The agreement contains provisions for monitoring compliance with each nation’s commitments, a key U.S. negotiating demand. But negotiators did not specify how such oversight will be achieved.

“They kicked the can down the road,” said Michael Oppenheimer, an atmospheric physicist at Princeton University. For starters, he said in a phone interview, there is no way to accurately compare commitments countries have made. “They would have to use the same baseline, same units, same time period.” Establishing protocols for monitoring compliance will be among the extensive follow-up work required in the aftermath of the Paris meeting. This study discusses the challenges of reviewing mitigation plans.
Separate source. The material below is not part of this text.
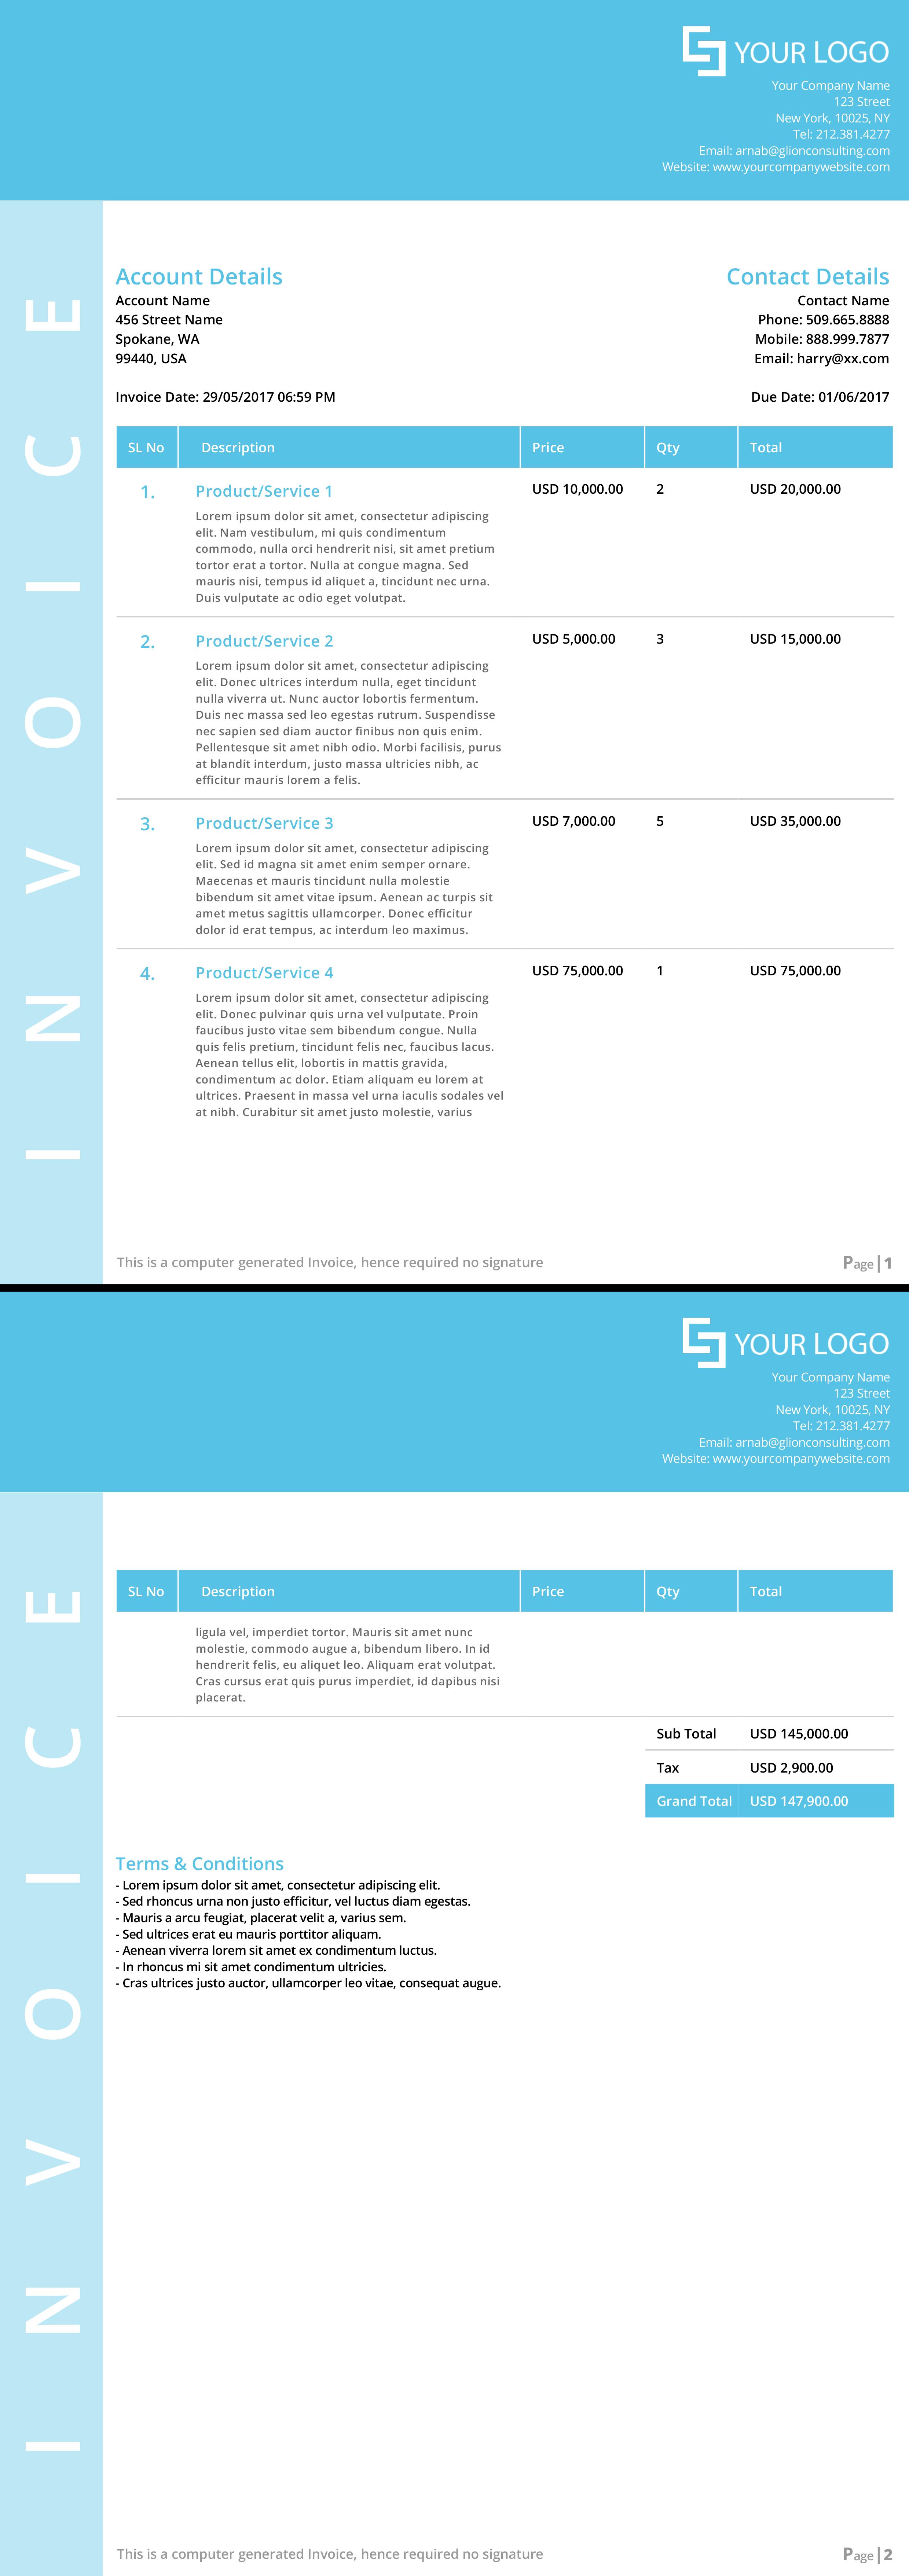 INV-ELEPHANT-BLUE-56C2E6-4.png

The Paris Agreement does call for an “expert-based” committee to hash-out monitoring and compliance issues. The committee will meet concurrently with future Conference of Parties (COP) gatherings, beginning in 2016 in Marakesh. Among issues they might address will be technical measures to prevent countries from either cheating or failing to diligently police greenhouse gas emissions within their own borders. Less developed countries will receive technical and financial support for monitoring programs.

Common and Differentiated Responsibilities

The Paris Agreement departed dramatically from all previous climate agreements by requiring that all nations prepare their own plans for slowing growth of, or cutting back, their net greenhouse gas emissions.

The U.S. and other developed countries achieved industrialization through large-scale burning of fossil fuels. Those emissions have played the biggest role in causing the planetary warming that has occurred in the last 150 years. Recognizing that equity and fairness required that these countries should bear the greatest responsibility for avoiding future warming, the United Nations Framework Convention on Climate Change (UNFCCC), adopted in 1992 at The Earth Summit in Rio de Janeiro, distinguished between burdens borne by developing countries and those shouldered by developed countries.

The “differentiated responsibilities” set out in the UNFCCC had provided the basis for the two-tier system adopted in the later Kyoto Protocol: Only developed countries were required to make greenhouse-gas cutbacks.

Even back then, however, the dichotomy between developed and developing seemed overly simplistic. By the time the Kyoto Protocol came into force in 2005, most of the growth in greenhouse gas emissions was coming from large developing countries, in particular China, Brazil, and India. China overtook the U.S. as the largest emitter of carbon dioxide in 2007. Excusing the world’s largest source of carbon pollution from regulation gave opponents of Kyoto Protocol powerful ammunition, helping to doom the treaty.

Under the Paris Agreement all nations must specify goals for reducing greenhouse gas emissions. That responsibility is universal but, in contrast to the Kyoto Protocol, the specific commitment is voluntary. Each country decides the depth and vigor of its efforts. Developing countries continue to receive certain concessions, such as financial support for adaption; mitigation; monitoring; and loss and damage.

Adaptation and Mitigation Financing

The Paris Agreement affirms a commitment made by developed countries at the 2009 Copenhagen climate conference to make available $100 billion dollars annually for adaptation and mitigation in developing countries by 2020. The new agreement “strongly urges” developed countries to scale-up contributions as soon as possible, with a goal of reaching the 2020 goal quickly. At a COP meeting in 2025 parties are to discuss further raising the annual contribution.

This past October, the OECD reported that its members, comprising most of the world’s wealthy countries, had already made substantial progress toward the 2020 commitment. OECD countries had contributed $52 billion in 2013 and $62 billion in 2014, according to the report. However many academic, government and NGO observers have raised doubts about how much money actually was paid for adaptation and mitigation projects, whether the donations were new or simply relabeled, and whether the expenditures were effective. One report by the Indian Ministry of Finance concluded that developed countries had contributed only about $2.2 billion for adaptation and mitigation. Such early wrangling calls into question whether future funding will be sufficient to meet countries’ bona fide needs.